THE DATA:
* * * *

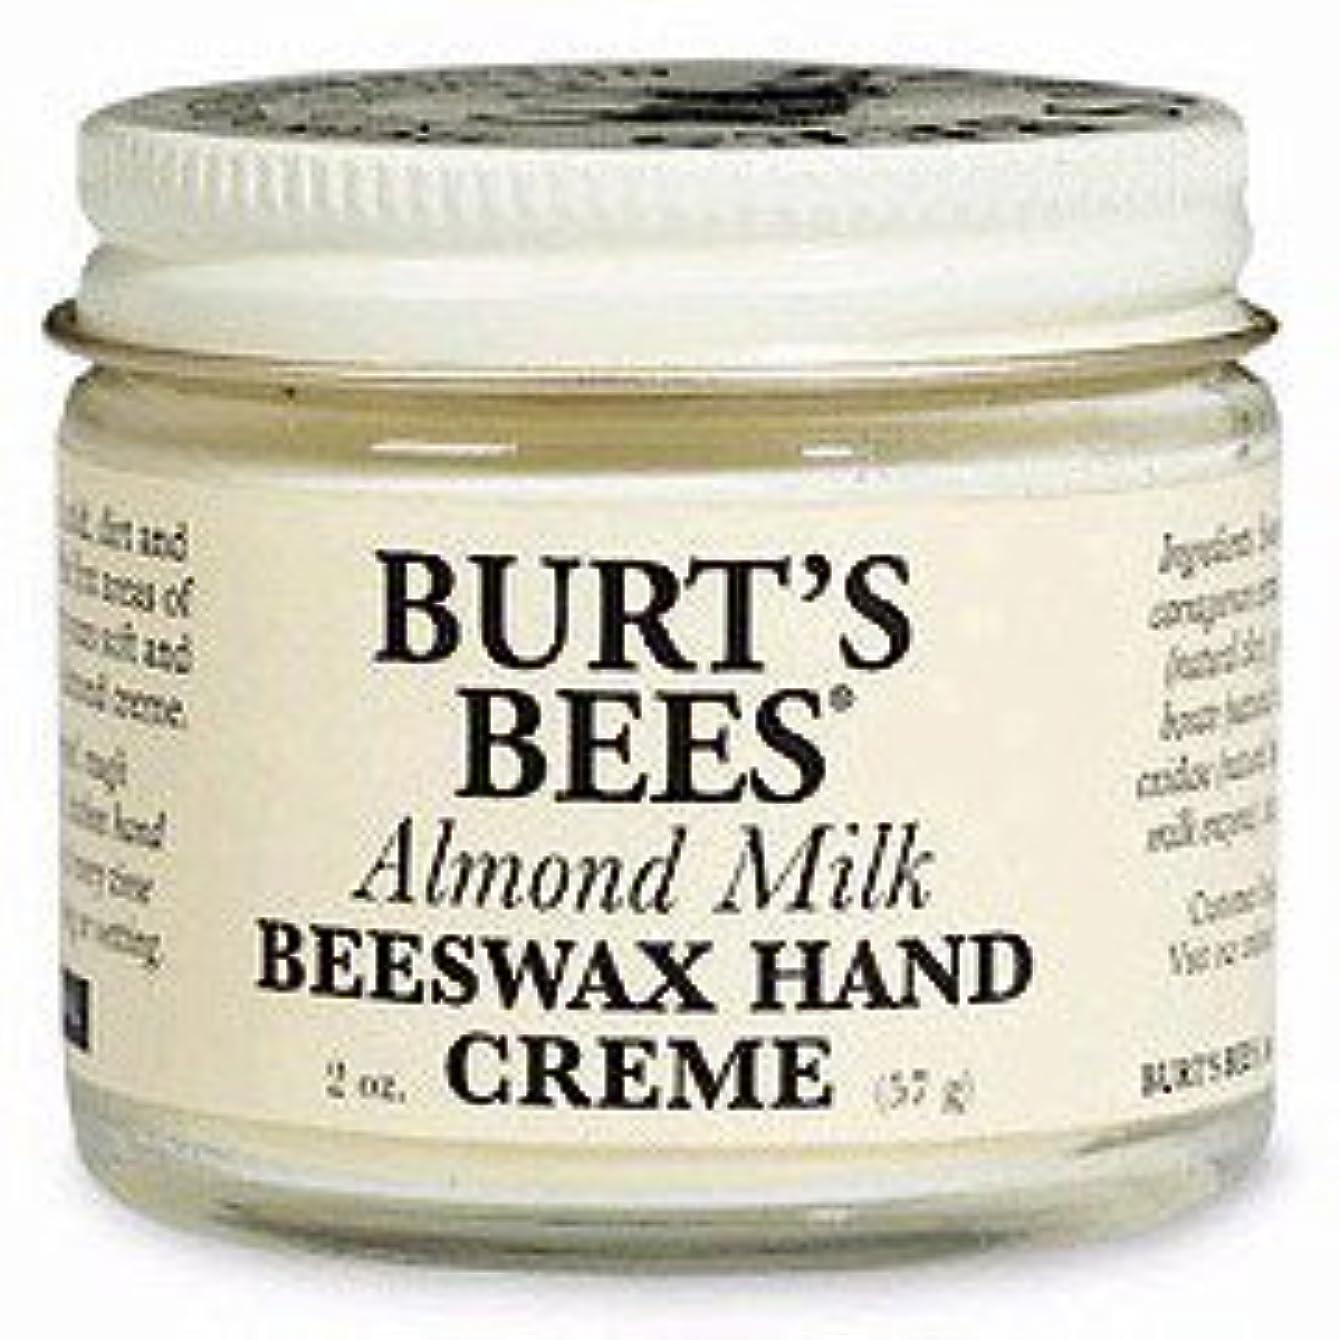 答え役に立つ治安判事バーツビーズ(Burt's Bees) アーモンドミルク?ビーズワックス?ハンドクリーム 57g [海外直送品][並行輸入品]
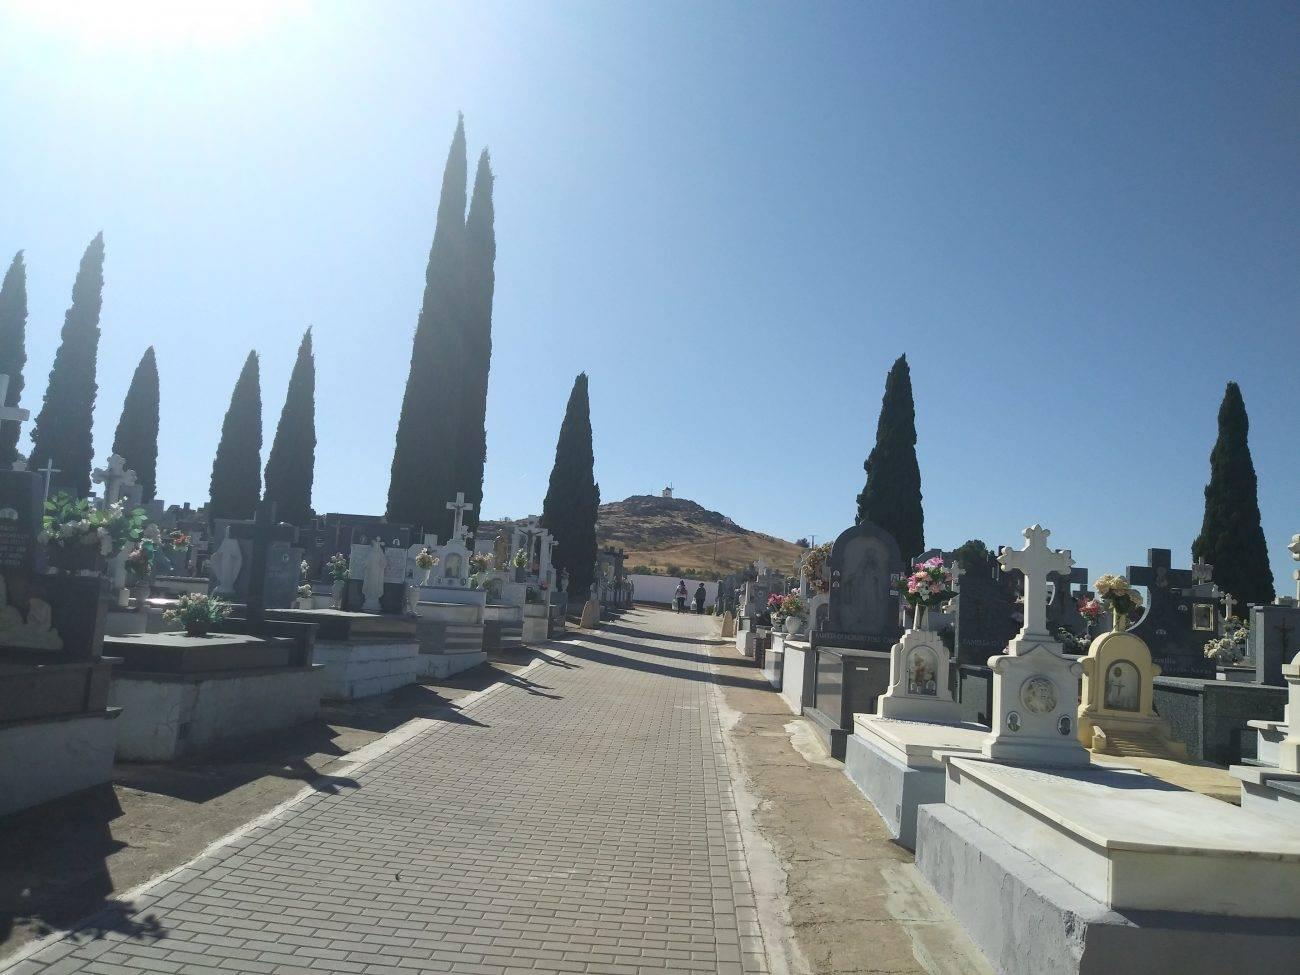 cementerio de herenciad - Autobús gratuito para ir al cementerio la fiesta de todos los Santos
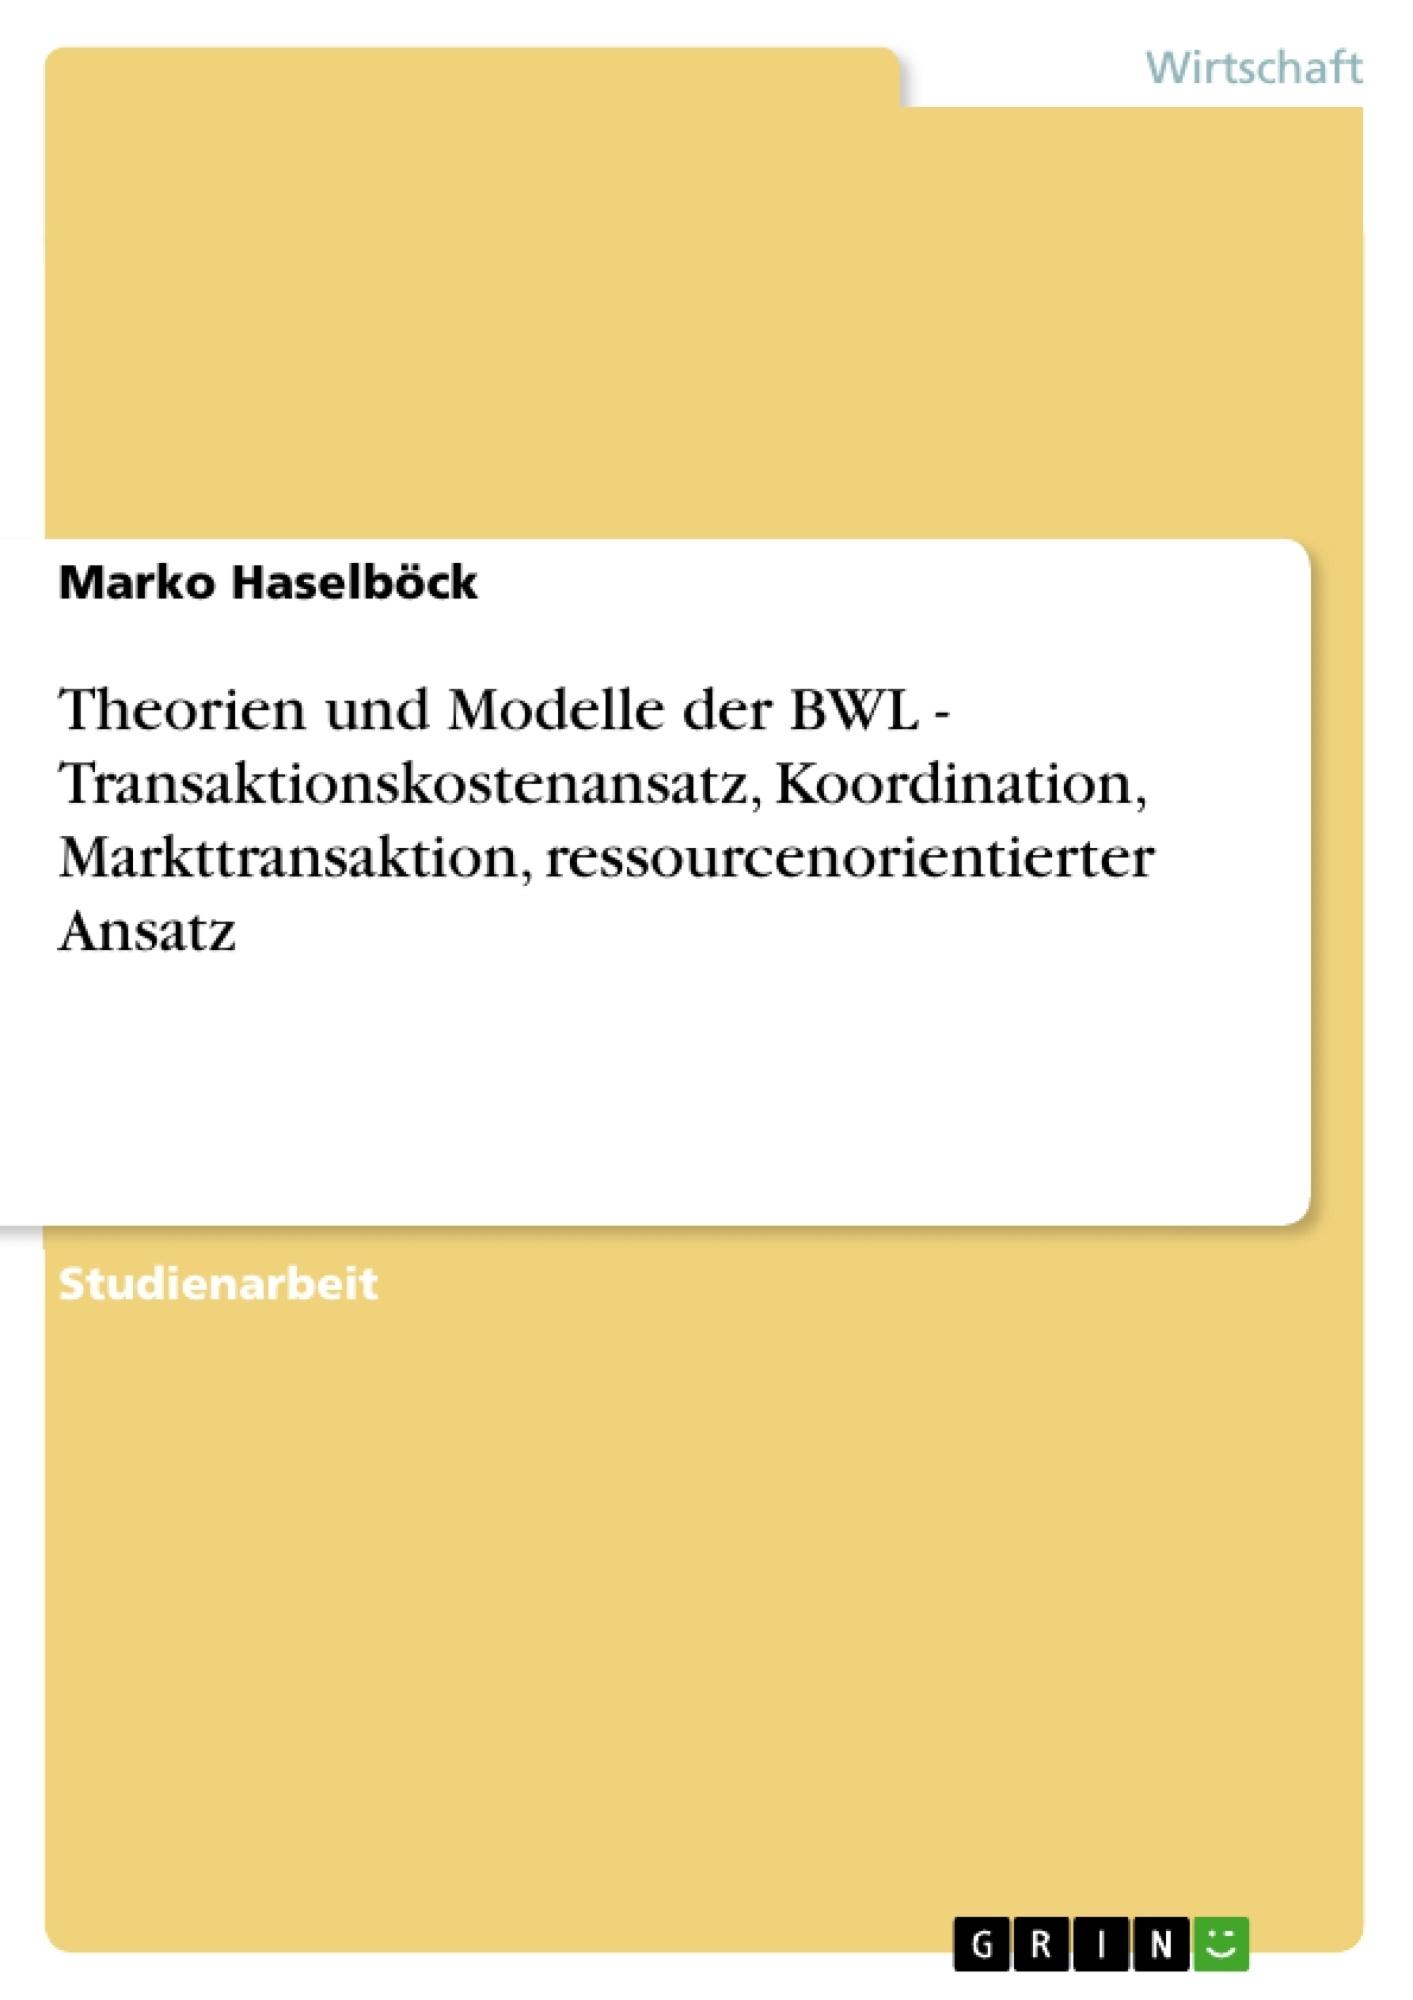 Titel: Theorien und Modelle der BWL - Transaktionskostenansatz, Koordination, Markttransaktion, ressourcenorientierter Ansatz
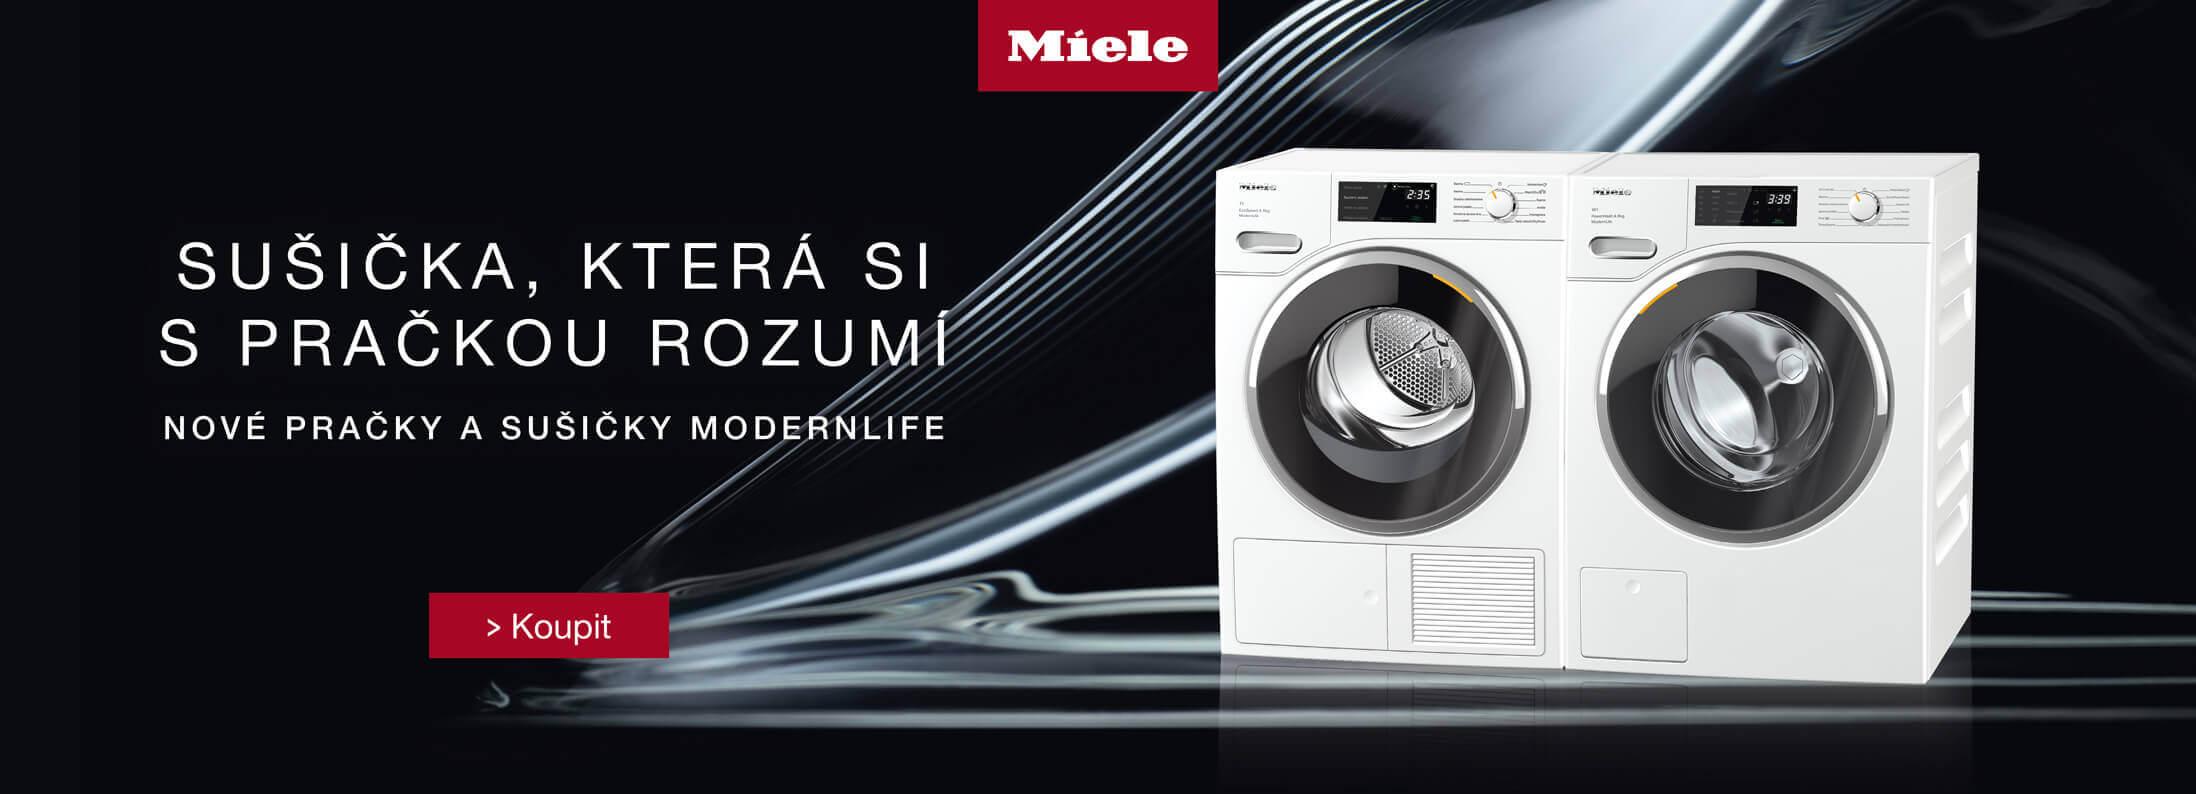 Miele - Nové pračky a sušičky Miele ModernLife

* * * *

ASSIGNED TASK:
Return exactly the lines from the line with "cementerio de herenciad" through the last line of the data above, both included; pictures do not go in the answer.

REPLY:
 cementerio de herenciad - Autobús gratuito para ir al cementerio la fiesta de todos los Santos
 Titel: Theorien und Modelle der BWL - Transaktionskostenansatz, Koordination, Markttransaktion, ressourcenorientierter Ansatz
 Miele - Nové pračky a sušičky Miele ModernLife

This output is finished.